Monday, February 2, 2015

Small Errors

In the blog post "Efficiency and Completion Time," I discussed how long we can realistically take to complete a given amount of a task. I was reminded of that discussion, along with the years of experience that backed it up, as I tried to complete the task of publishing my latest book, and as I continued my search for a source of income that could meet both my personal and global responsibilities.

I chose to self-publish the book because I felt it was critical to get its contents into the public eye as soon as possible, instead of another two years if I could go through a publisher. I estimated it would comfortably take a month to complete the text, edit it, and do the cover art myself. In retrospect, I fell into the same trap I warned about in the blog post: my estimate turned out to be the optimistic value, and, as would be expected, I ended up taking almost exactly three times as long to achieve successful completion. I realized that this was due, in part, to a focus on content more than form, which except for a few tweaks was actually complete in that first month.
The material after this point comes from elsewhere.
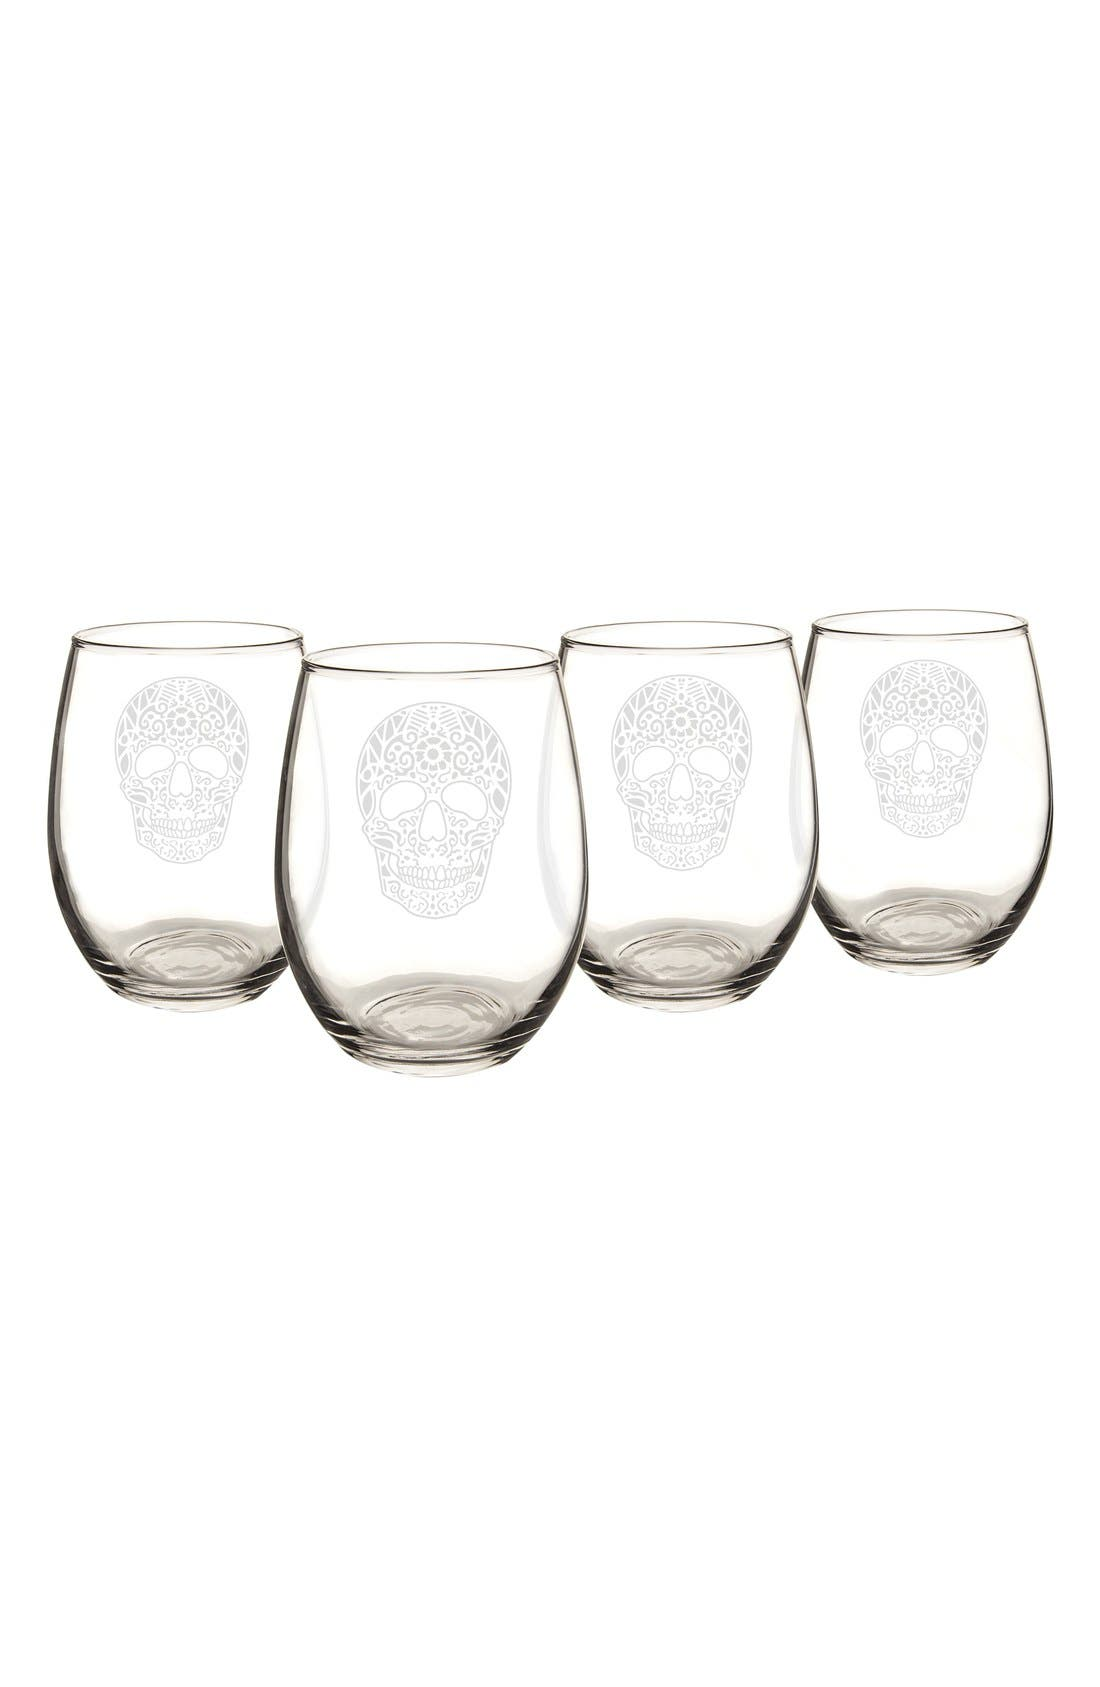 Sugar Skulls Set of 4 Stemless Wine Glasses,                             Main thumbnail 1, color,                             Clear

After several months of peddling my résumé to recruiters and companies as part of an ongoing job search, I discovered a one-word error that was an extremely small fraction (an eighth of a percent) of total word count, and as such had understandably escaped notice during multiple readings by me and many others, apparently without consequence. Because it was small, I wasn't surprised that it was found by accident; in my experience, that's where unchallenged assumptions, the things no one is looking for and thus potentially the most impactful, tend to get exposed and tested (which is why it's good to spend some time "playing," independent of planned exercises).

My sensitivity to even the smallest errors has been heightened by thinking and studying about the consequences of the phenomenon of "feedback," where direct or indirect results of an action can change one or more sources of the action, and lead to complex and counterintuitive consequences. Most of my formal experience with feedback has involved electronic systems, but I've been recently learning about human ecology, which attempts to describe and understand the interaction between people and ecosystems, and uses similar principles to do so. The existential threats humanity now faces, which have been a preoccupation of mine in the years since I started looking for practical applications of a value system based on maximizing life (especially ours), stem from many feedbacks in our interactions with each other and the rest of Nature. Focusing on a limited range of objectives and impacts while yielding increasing power over the world has left a lot of "small errors" to multiply their effects through mechanisms were are barely aware of, if at all, to a point that we are now feeling their cumulative and typically negative effects. This awareness has driven me to be more careful in how I choose to work, at least while I can (detours remain a real possibility), and to responsibly play as much as possible along the way.